Activation functions affect the training process and performance of a neural network in several ways:
- **Non-linearity**: They introduce non-linearity, allowing the network to learn complex patterns and functions.
- **Gradient Flow**: They affect how gradients are backpropagated through the network, impacting the learning process. Some functions can lead to issues like vanishing or exploding gradients.
- **Convergence**: The choice of activation function can influence the speed and stability of the training process.
- **Expressiveness**: Different activation functions can enhance the model’s ability to capture diverse features in the data.

### Q4. How does the sigmoid activation function work? What are its advantages and disadvantages?
**Sigmoid Activation Function**:
- **Function**: \( \sigma(x) = \frac{1}{1 + e^{-x}} \)
- **Advantages**:
  - Smooth gradient, preventing abrupt changes in gradient values.
  - Output values range between 0 and 1, useful for probabilistic interpretations.
- **Disadvantages**:
  - **Vanishing Gradient**: Can cause gradients to vanish during backpropagation, making it difficult for the network to learn.
  - **Slow Convergence**: Can lead to slow convergence due to the squashing of input space.
  - **Outputs Not Zero-Centered**: Can make gradient updates less efficient.

### Q5. What is the rectified linear unit (ReLU) activation function? How does it differ from the sigmoid function?
**ReLU Activation Function**:
- **Function**: \( \text{ReLU}(x) = \max(0, x) \)
- **Differences from Sigmoid**:
  - **Non-linearity**: ReLU is non-linear like sigmoid but does not squash the input values into a small range.
  - **Range**: ReLU outputs range from 0 to \( \infty \), unlike sigmoid which ranges between 0 and 1.
  - **Gradient Issues**: ReLU can suffer from the "dying ReLU" problem (neurons outputting 0 for all inputs) but does not have the vanishing gradient problem as severely as sigmoid.

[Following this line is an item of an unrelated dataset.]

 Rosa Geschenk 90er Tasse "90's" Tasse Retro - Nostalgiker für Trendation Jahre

### Q6. What are the benefits of using the ReLU activation function over the sigmoid function?
- **Efficient Computation**: ReLU is computationally efficient, requiring only a thresholding at zero.
- **Mitigates Vanishing Gradient**: ReLU mitigates the vanishing gradient problem, allowing for deeper networks to be trained.
- **Sparsity**: Activates only a portion of neurons at a time, promoting sparsity and efficient computation.
- **Faster Convergence**: Typically leads to faster convergence in training compared to sigmoid.

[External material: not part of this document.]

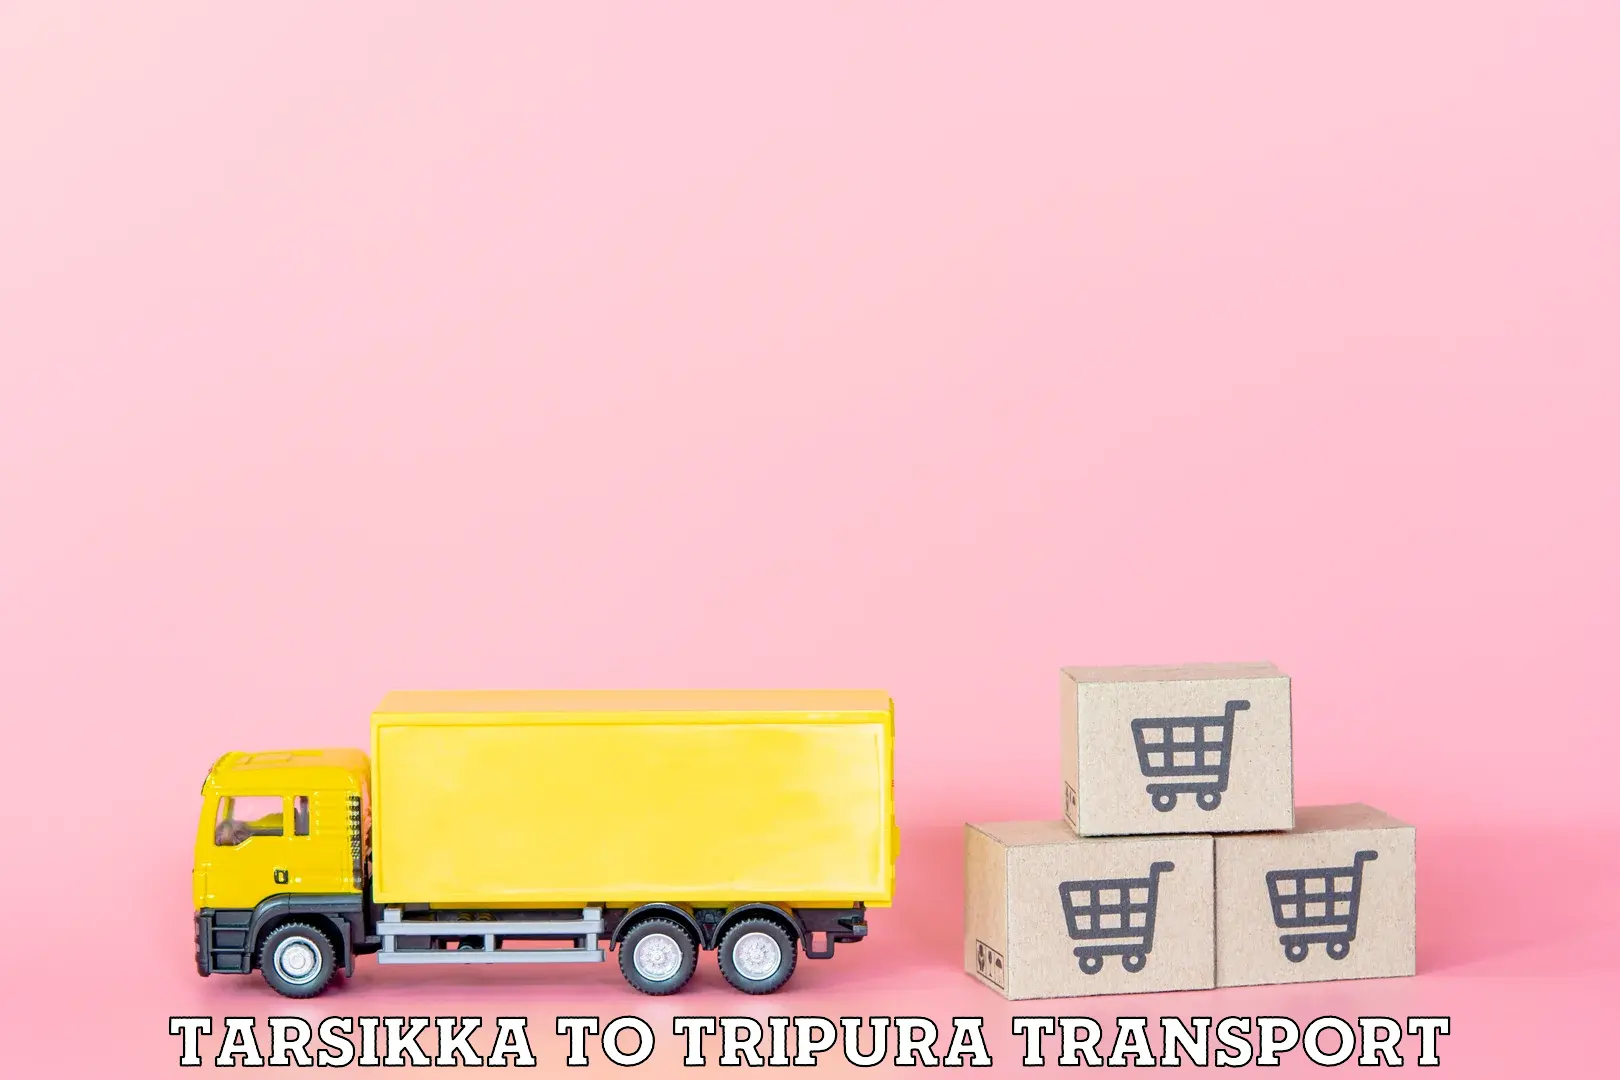 India truck logistics services Tarsikka to Aambasa

### Q7. Explain the concept of "leaky ReLU" and how it addresses the vanishing gradient problem.
**Leaky ReLU**:
- **Function**: \( \text{Leaky ReLU}(x) = \max(\alpha x, x) \) where \( \alpha \) is a small constant (e.g., 0.01).
- **Purpose**: Allows a small, non-zero gradient when the input is negative, addressing the "dying ReLU" problem.
- **Benefits**:
  - Ensures that neurons have a small gradient even when inactive, which helps in avoiding dead neurons and maintaining gradient flow.
  - Provides a small slope for negative inputs, thus mitigating the issue of zero gradients.

### Q8. What is the purpose of the softmax activation function? When is it commonly used?
**Softmax Activation Function**:
- **Function**: \( \text{Softmax}(x_i) = \frac{e^{x_i}}{\sum_{j} e^{x_j}} \)
- **Purpose**: Converts logits (raw prediction scores) into probabilities that sum to 1.
- **Usage**: Commonly used in the output layer of classification networks where the task is to assign an input to one of multiple classes.

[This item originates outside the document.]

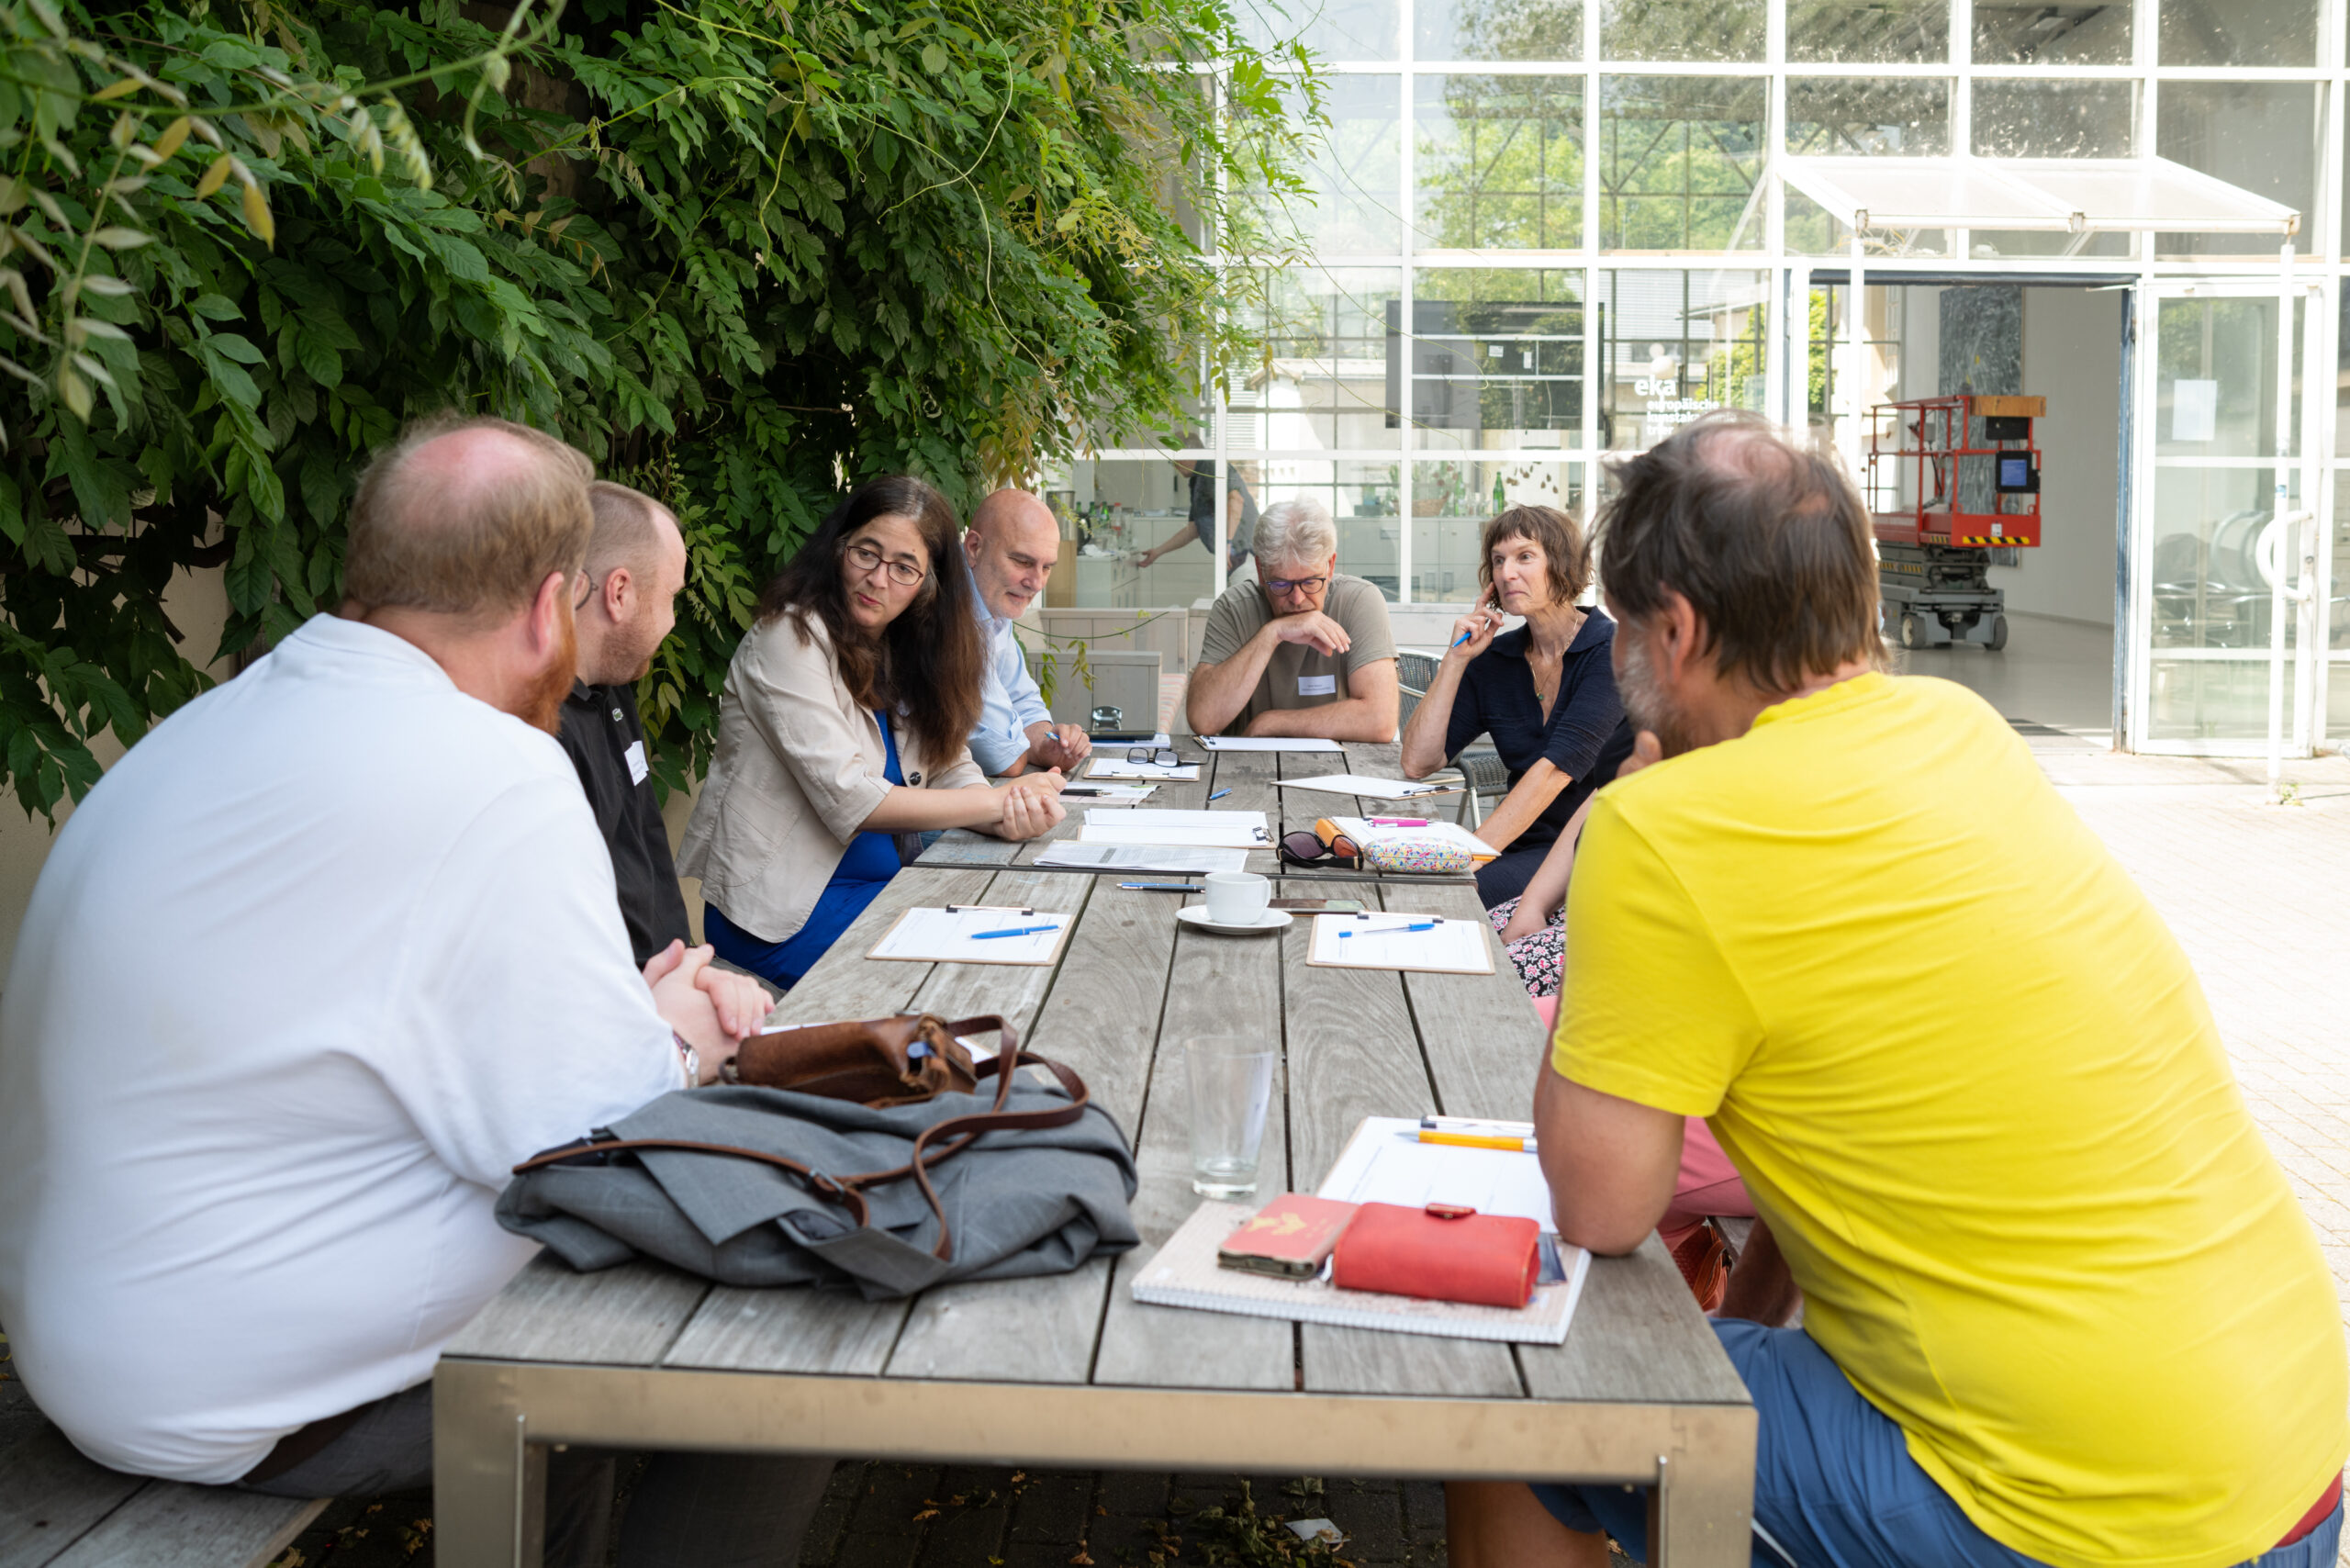 Diskussionsrunde im Freien an einem Holztisch vor grün bepflanzter Wand

### Q9. What is the hyperbolic tangent (tanh) activation function? How does it compare to the sigmoid function?
**tanh Activation Function**:
- **Function**: \( \text{tanh}(x) = \frac{2}{1 + e^{-2x}} - 1 \)
- **Comparison to Sigmoid**:
  - **Output Range**: tanh outputs range between -1 and 1, whereas sigmoid outputs range between 0 and 1.
  - **Zero-Centered**: tanh outputs are zero-centered, which can lead to more efficient training compared to sigmoid’s non-zero-centered outputs.
  - **Gradient Issues**: tanh also suffers from the vanishing gradient problem but generally performs better in practice than sigmoid due to its zero-centered nature.